His parents have always supported him: they put all his accomplishments in polished wooden frames and hung them about the house; they also called and wrote frequently enough. He guesses if he were more prone to fits of folly like Harry that he may have been able to test that assumption by now, but, as it stands, he never felt particularly inclined. He reckons he’s always been a bit boring that way.

“I believe so, yes.” Edmund nods thoughtfully. “Surely, you don’t question whether or not yours loves you?”

This makes the other man smile, though sardonically. His mind is obviously on a very specific path and is not so easily dissuaded from it.

“But doesn’t it seem such a… a burden?” Aidan barely whispers, staring into the fire now. “Like your life and choices aren’t yours because if you choose anything other than what they want for you, you’re damning them? Wouldn’t it be easier if people, like animals, simply abandoned their young to fend for themselves at some stage? How does anyone live comfortably knowing that any foul decision they make can cause irrevocable damage to those in their orbit?”

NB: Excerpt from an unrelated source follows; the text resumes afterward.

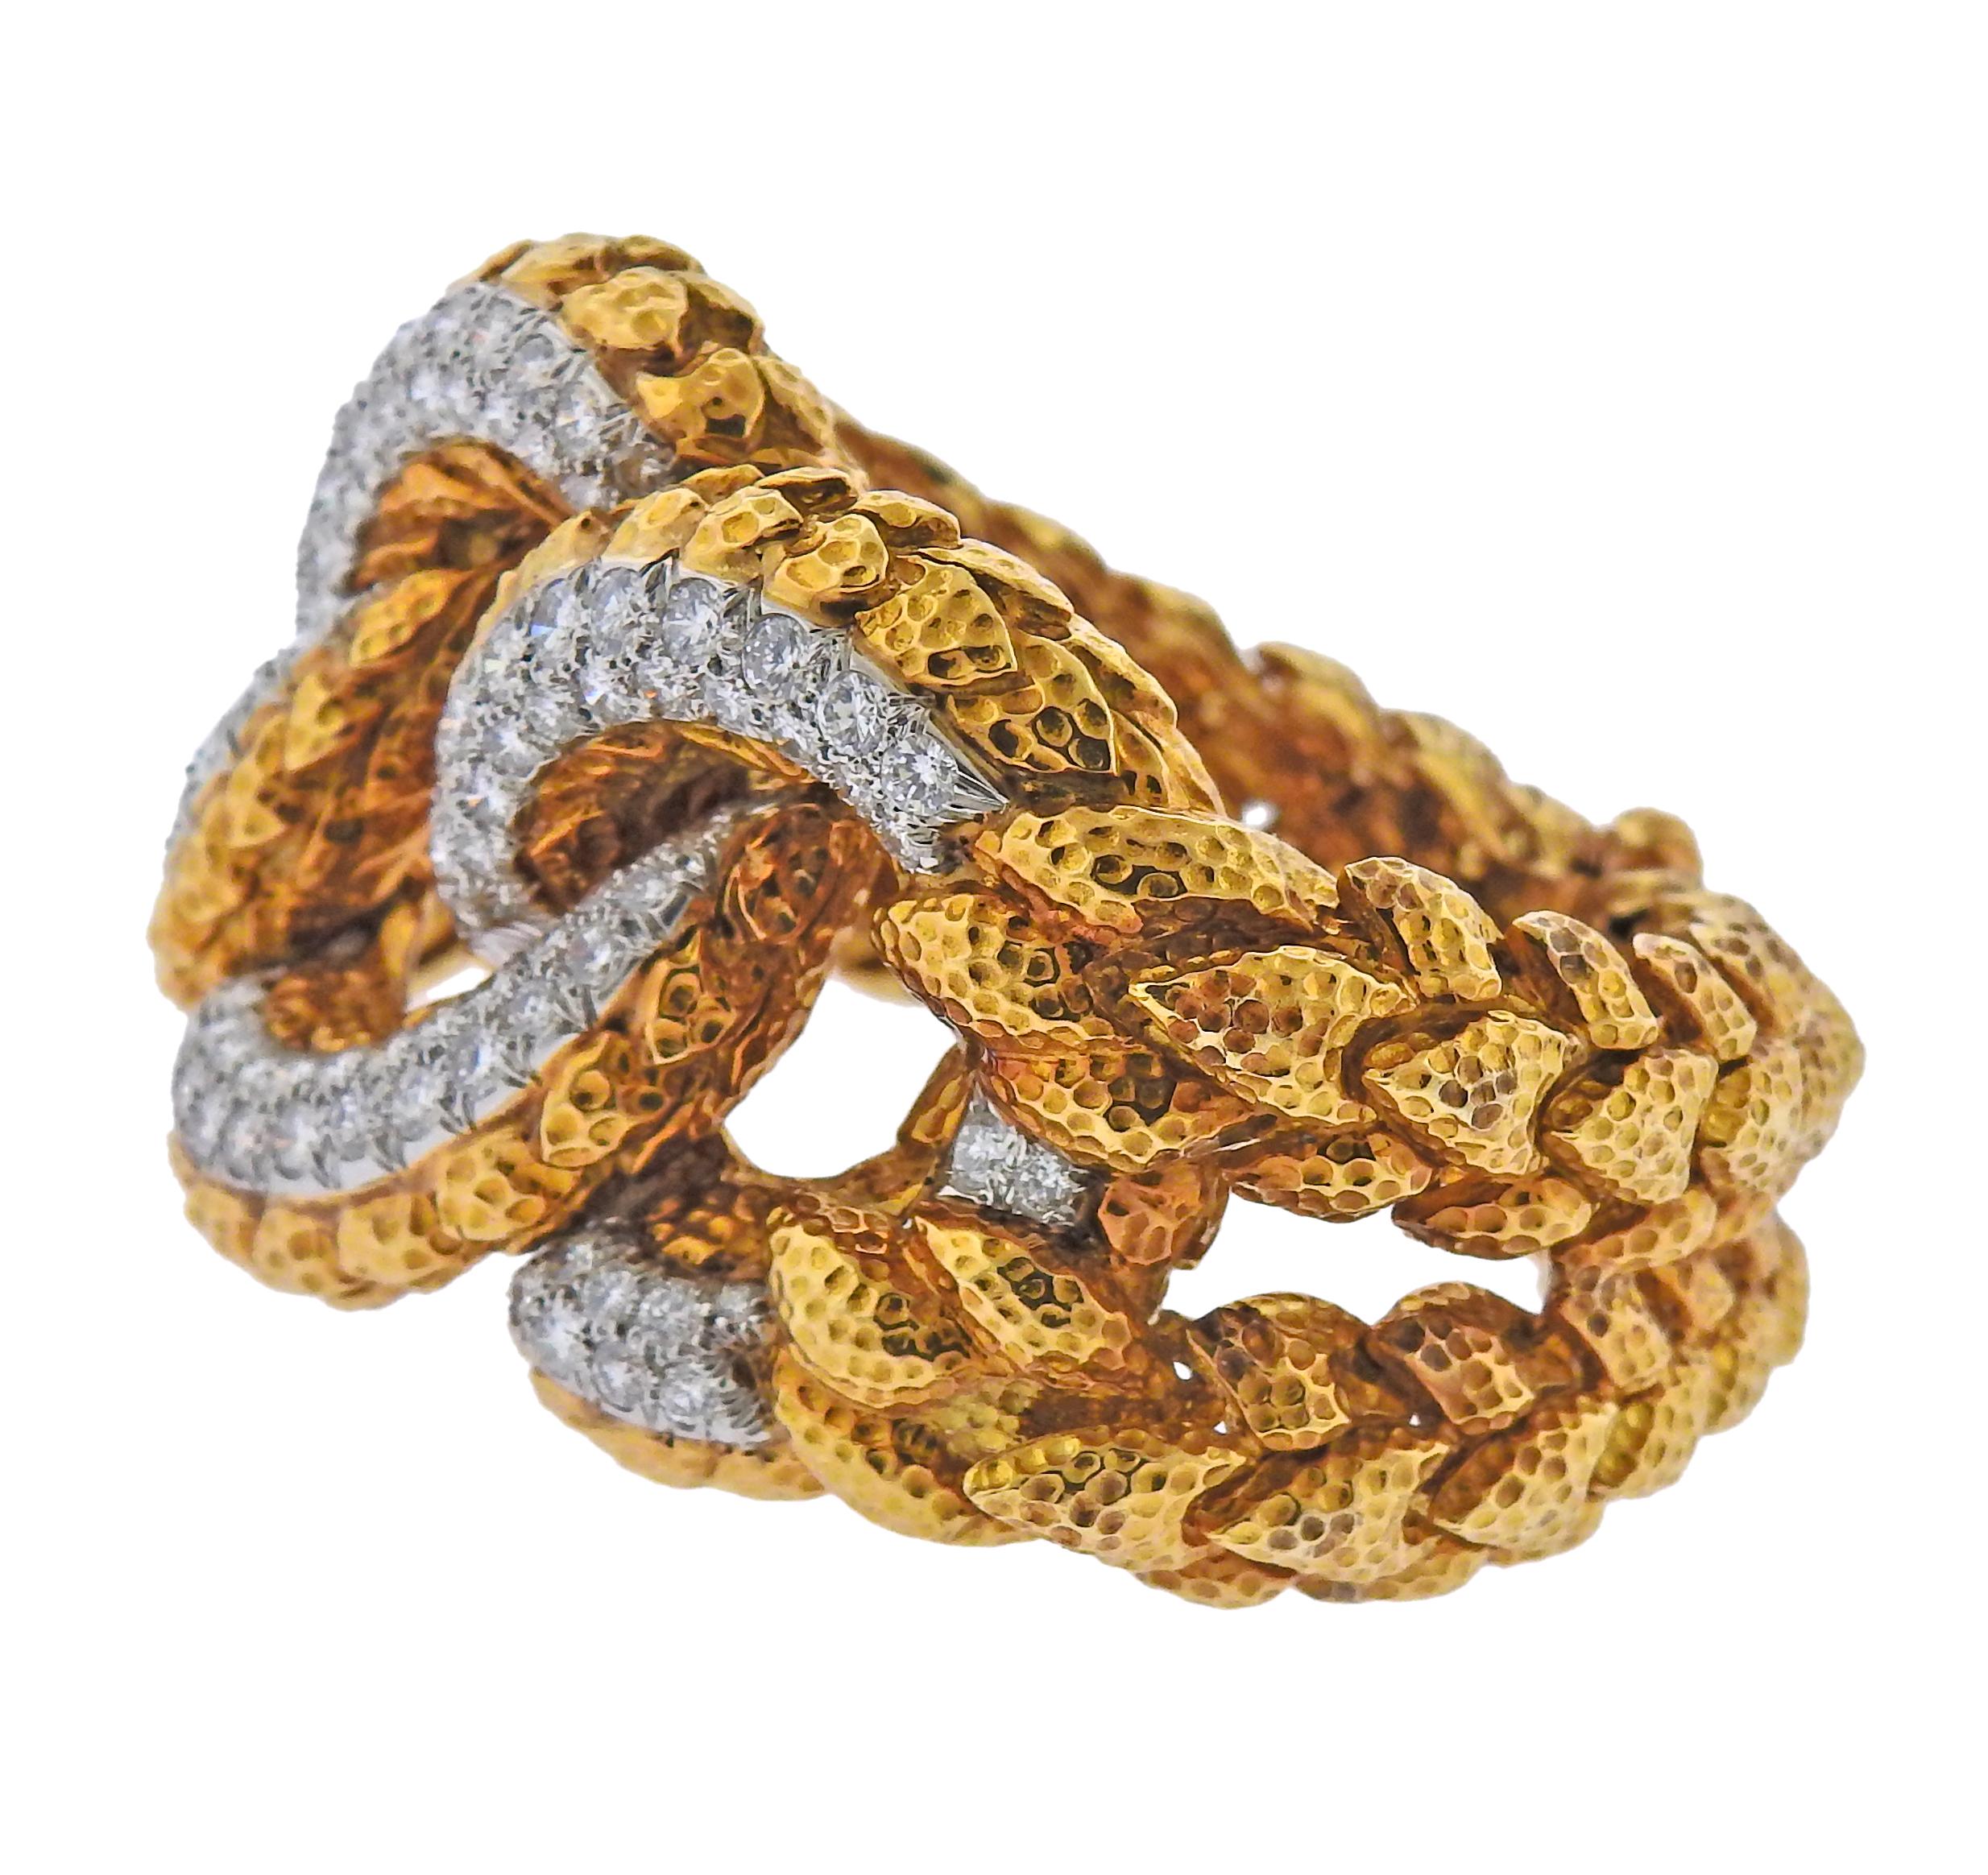 Iconic 18k hammered gold and platinum vintage link bracelet by David Webb, with approx. 5.50ctw in SI1/H diamonds. Original patina is present.  Bracelet fits up to 6 1/2

“My brother…” Edmund starts, “He used to battle with the same questions. It used to drive him so mad that the drink seemed to be his only solace. But he wants to be a teacher, you see, and no one is going to hire an alcoholic to work with children.

“So, he had us take him to a facility. Quite a few times now, I might add. Every time the doctors assured us that relapse is perfectly normal and, every time, he got a little bit further in his treatment before something tipped him back into the bottle.

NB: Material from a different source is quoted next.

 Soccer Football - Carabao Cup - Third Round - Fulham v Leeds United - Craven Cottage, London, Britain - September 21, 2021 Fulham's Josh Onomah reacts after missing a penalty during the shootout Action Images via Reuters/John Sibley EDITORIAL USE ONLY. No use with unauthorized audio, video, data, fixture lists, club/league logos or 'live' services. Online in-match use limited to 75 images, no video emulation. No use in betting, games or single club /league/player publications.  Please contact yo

“When he finally got sober, met his lady, Darlene, and got back on track with his education, he invited me out for drinks to celebrate. I had a few beers, but Harry? He stuck to his fizzy drink all night, not even looking tempted to deviate. We spoke and I asked him how he did it. How did he finally become sober and stick to it? He replied, “Life is a balancing act. We go through stages of self-destruction because we feel we must make big and life-altering decisions on our own and for ourselves, but we come back to healing when we realise that we are incapable of taking care of ourselves in any meaningful way. So, we walk a tightrope, constantly asking ourselves if it is more important to be autonomous than it is to be loved.””

“And you believe love is more important.”

It’s not a question, but Edmund nods, anyway. “It must be, or existence really serves no purpose.”

Fresh tears spill down Aidan’s face and Edmund automatically reaches out to wipe them away.

Instead, the skinny man with the bird bones, so prone to shivering as he is, comes to press his face into Edmund’s chest. Sensing his need for nearness, Edmund pulls the blanket off Mr Wynne’s chair behind him, draping it over them both.

After so many tears and much trembling, Aidan finally manages to turn himself around to rest his back against Edmund’s front, keeping the blanket tight and close around them and making himself comfortable.

Edmund, for his part, cannot help but notice that Aidan is still wistful.

“What did he say to you?” Edmund isn’t sure where the words come from, but they feel right. “Aeron?”

Aidan lets out a deep sigh before his eyes slide shut. His voice comes out a rather startling imitation of his brother.

“Stop f*cking up.”

Letting go of a pent-up breath of his own, Edmund finds that Aidan isn’t as wrapped up in the blanket as he’d thought. A free hand is still gripping a cigarette like it’s the last drop of water in the desert and, as Edmund watches, Aidan brings it up to his lips to take a rather hefty drag.